NASA nails test on Voyager spacecraft, 13 billion miles away


NASA nails test on Voyager spacecraft, 13 billion miles away

During the early days of the mission, Voyager 1 flew by Jupiter, Saturn and important moons of each.

Voyager was launched in 1977 and is now the only spacecraft in interstellar space, or the area beyond the solar system. NASA's Jet Propulsion Laboratory compared the feat to successfully starting up a auto that had been sitting idle in the garage for 37 years. We now know, however, that the adjustment worked perfectly, and it should allow Voyager 1 to keep communicating with Earth for a few more years.

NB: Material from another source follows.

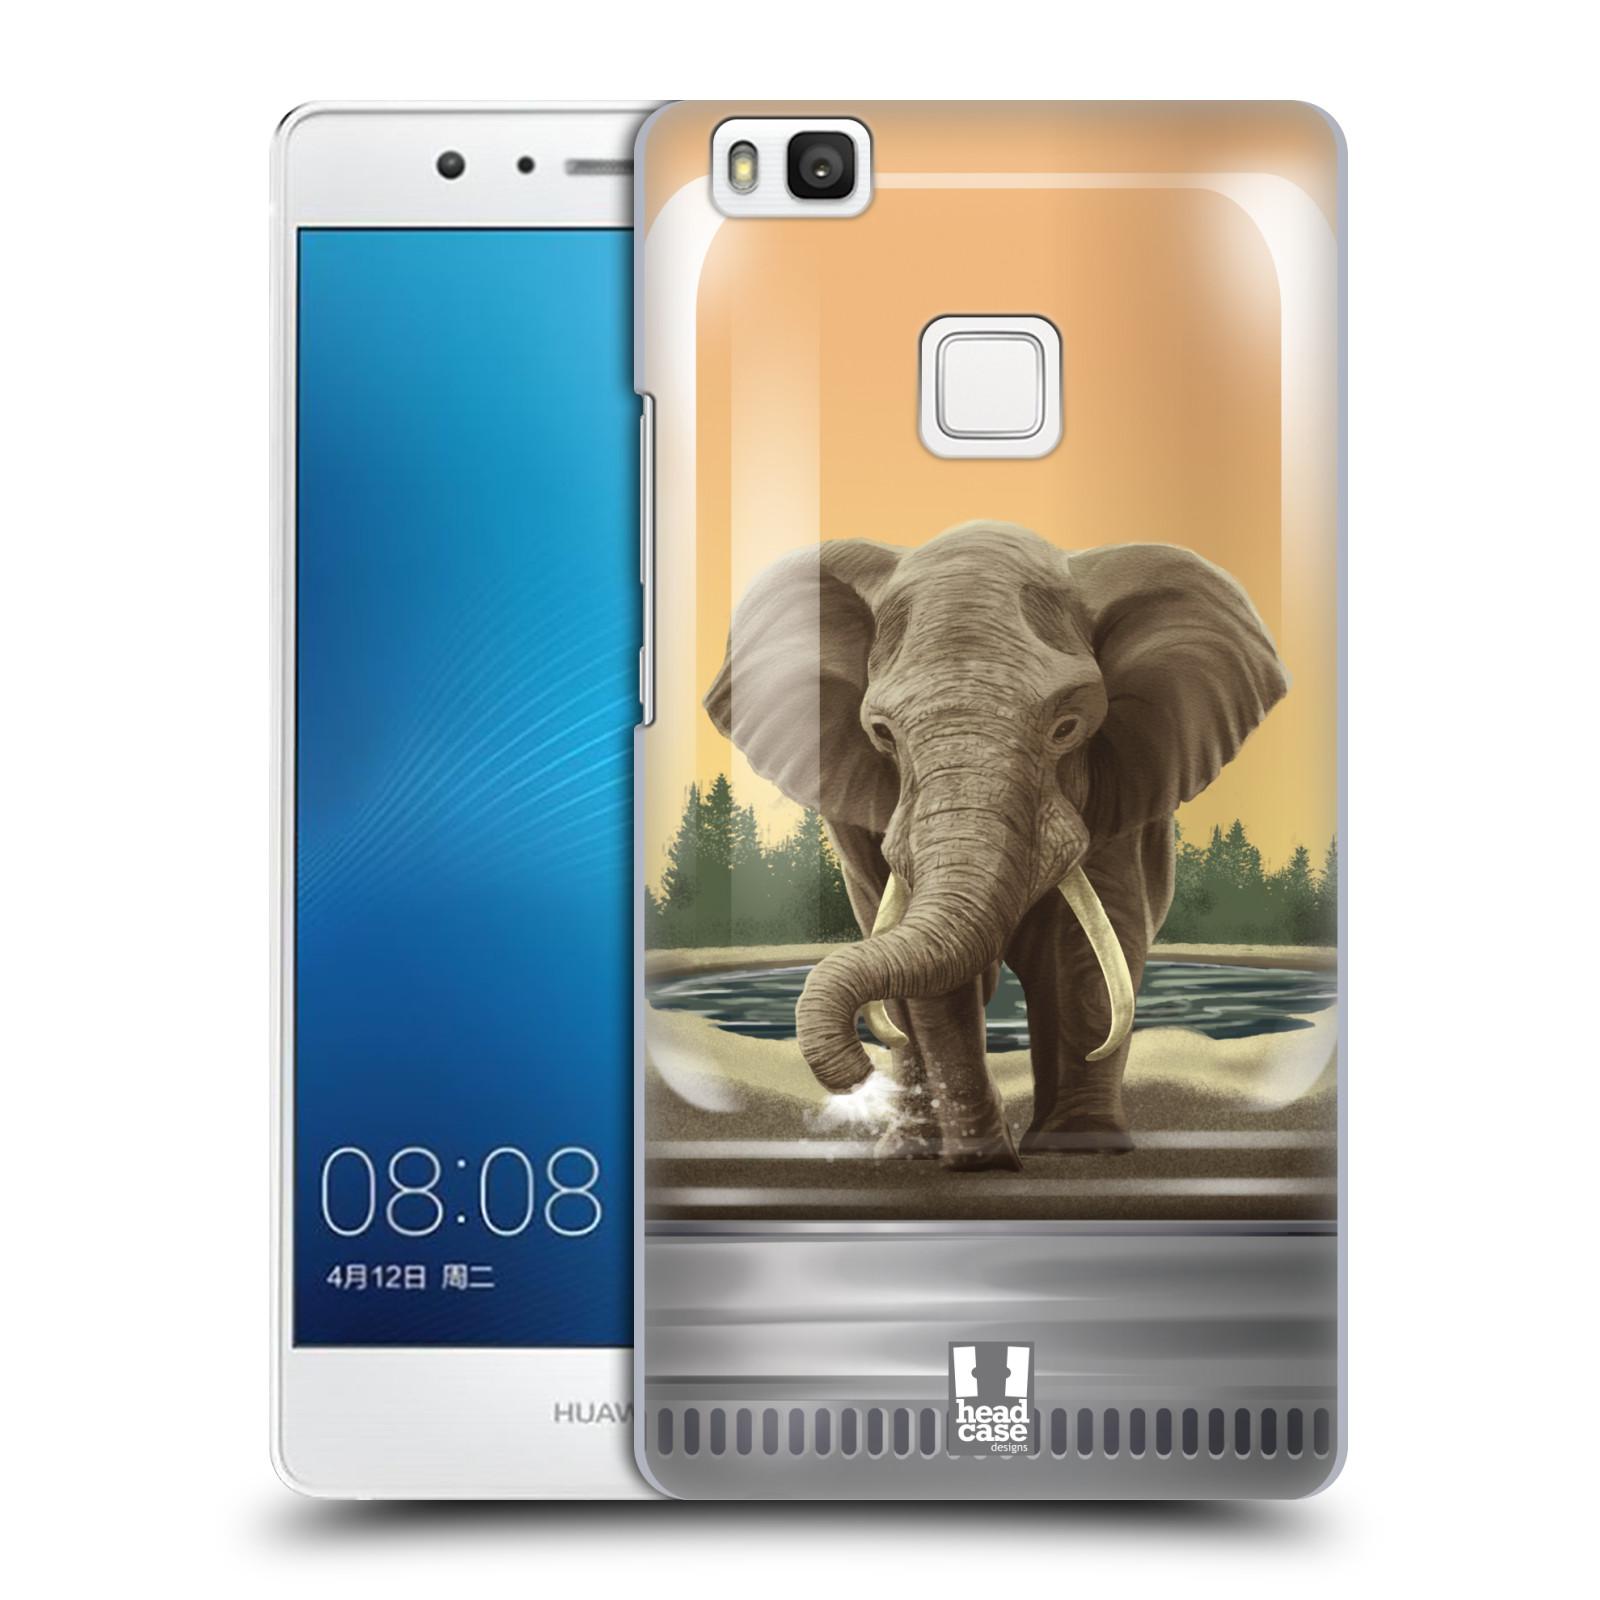 HEAD CASE plastový obal na mobil Huawei P9 LITE / P9 LITE DUAL SIM vzor Zvířátka v těžítku slon

NASA engineers have to resort to a set of thrusters called "trajectory correction maneuver" (TCM) since the ones that they have been using have degraded past beyond an acceptable point.

To NASA's delight, the four dormant thrusters came alive.

This is done by a series of puffs from thrusters aboard the craft - small puffs that fire only mere milliseconds, and are more than enough to orient Voyager 1 towards our planet, as NASA explained in their news update last Friday, Dec. 1.

Voyager 1's thrusters still after 37 years of sleep
NASA receives transmission from a spacecraft that's 13 billion miles away from Earth

As of August, Voyager 1 was almost 13 billion miles from Earth, and Voyager 2 about 11 billion miles out.

"The Voyager team got more excited each time with each milestone in the thruster test". Voyager 1 also has "trajectory correction maneuver" thrusters or TCMs, but they worked differently and were used for a different goal, despite having the same build. But because Voyager 1's last planetary encounter was Saturn, the Voyager team hadn't needed to use the TCM thrusters since November 8, 1980. It takes 19 hours, 35 minutes for information to reach Voyager 1 and another 19 hours, 35 minutes for it to report home, so NASA didn't get the results of the data immediately. The attitude control thrusters now used for Voyager 2 are not yet as diminished as Voyager 1's, however. The test went so well, that the team will also do a similar test on the TCM thrusters for Voyager 2, the twin spacecraft of Voyager 1.

On Tuesday, Nov. 28, 2017, Voyager engineers fired up the four TCM thrusters for the first time in 37 years and tested their ability to orient the spacecraft using 10-millisecond pulses.

The last time these engines were run in 1980.